[Opening Exercise data section]

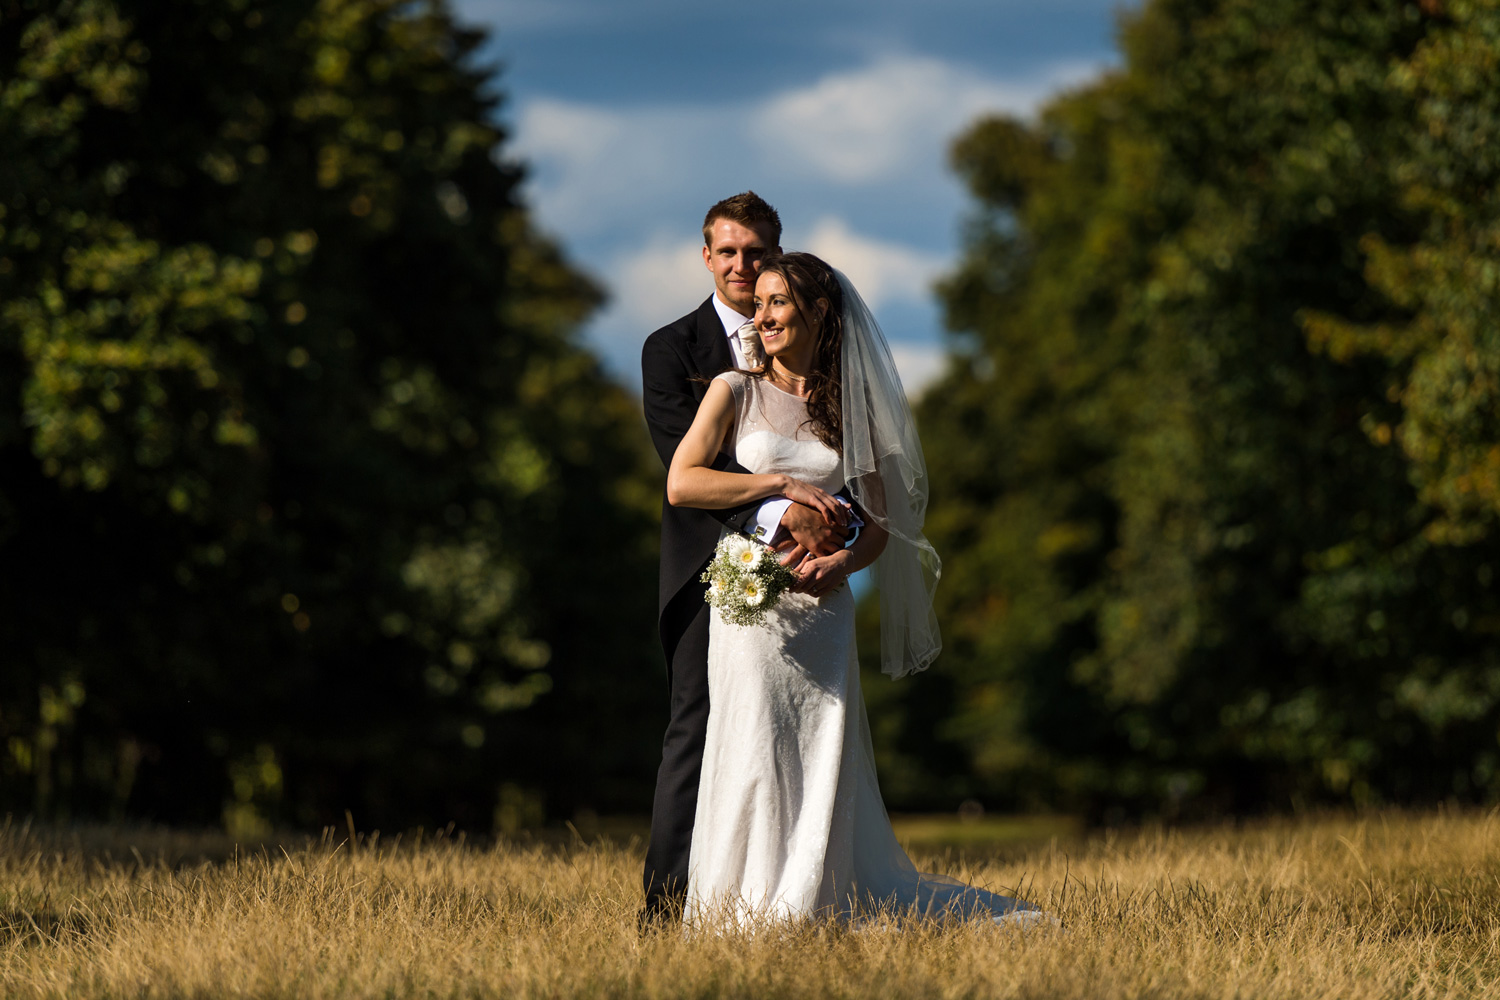 portrait of bride and groom in park
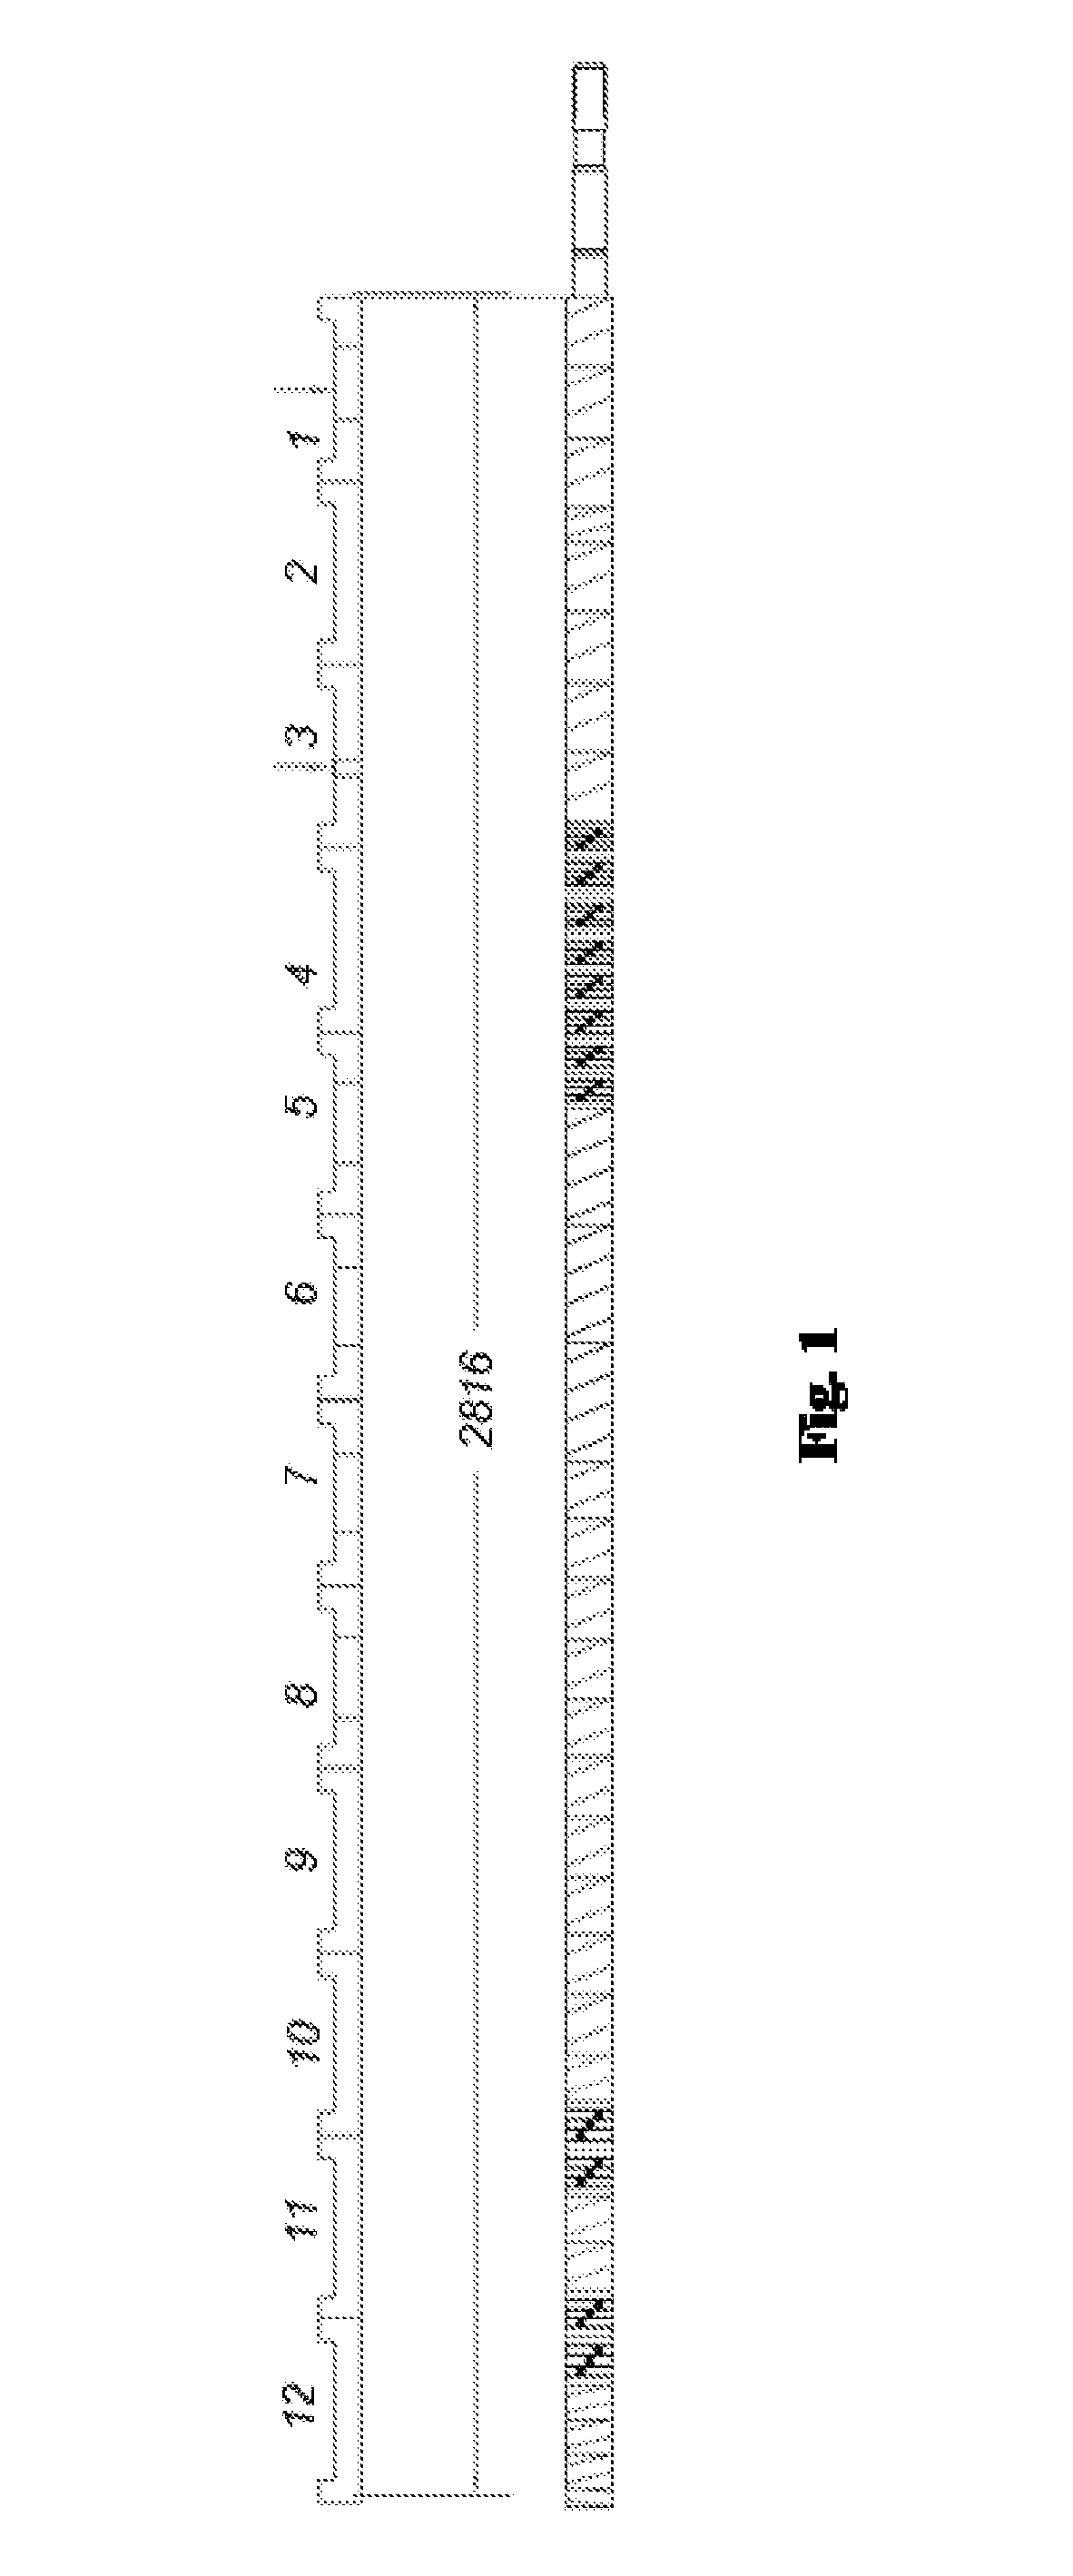 Process for Producing a Powder Comprising an Extruded Carrier With an Active Compound
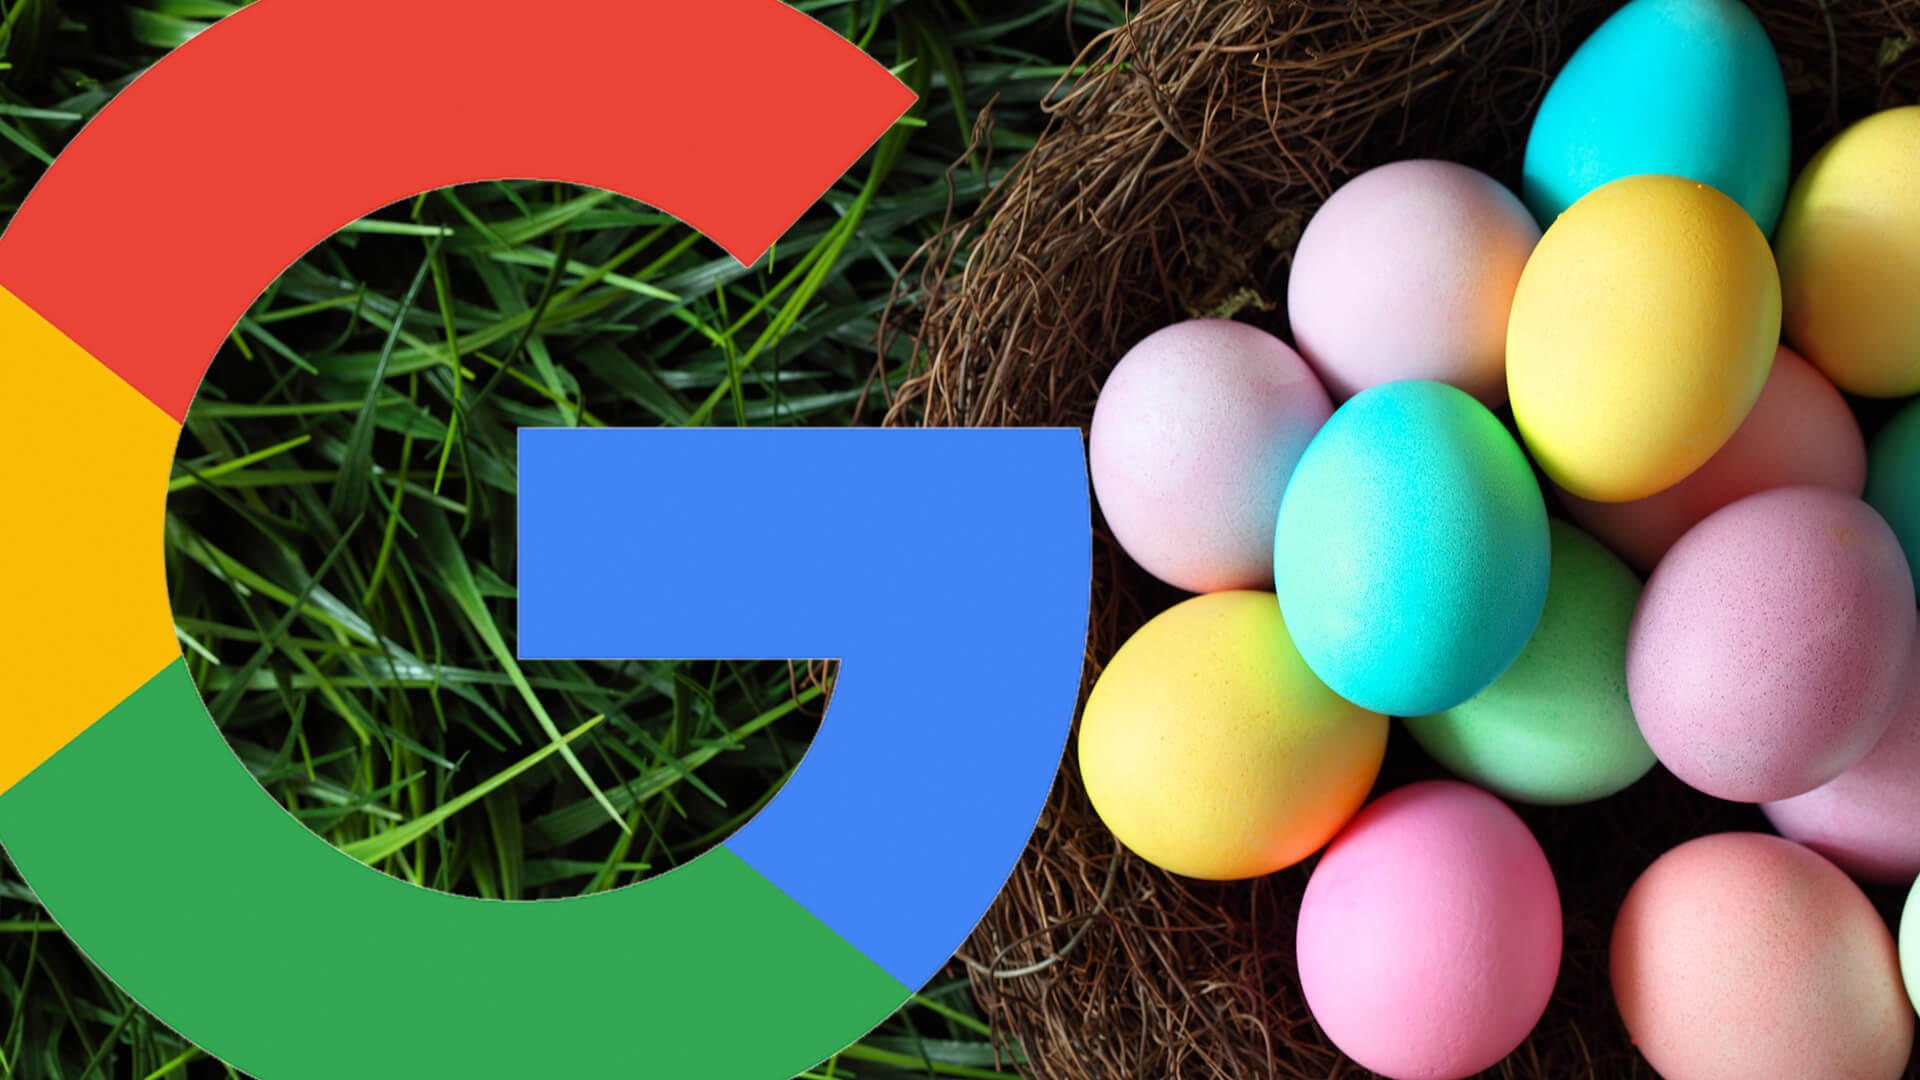 Google's latest Search Easter egg lets you relive a classic moment

[Closing Exercise data section]

Skip the images and set down the rest of the data unchanged.

§ **Solved exercise**
 portrait of bride and groom in park
 Process for Producing a Powder Comprising an Extruded Carrier With an Active Compound
 Google's latest Search Easter egg lets you relive a classic moment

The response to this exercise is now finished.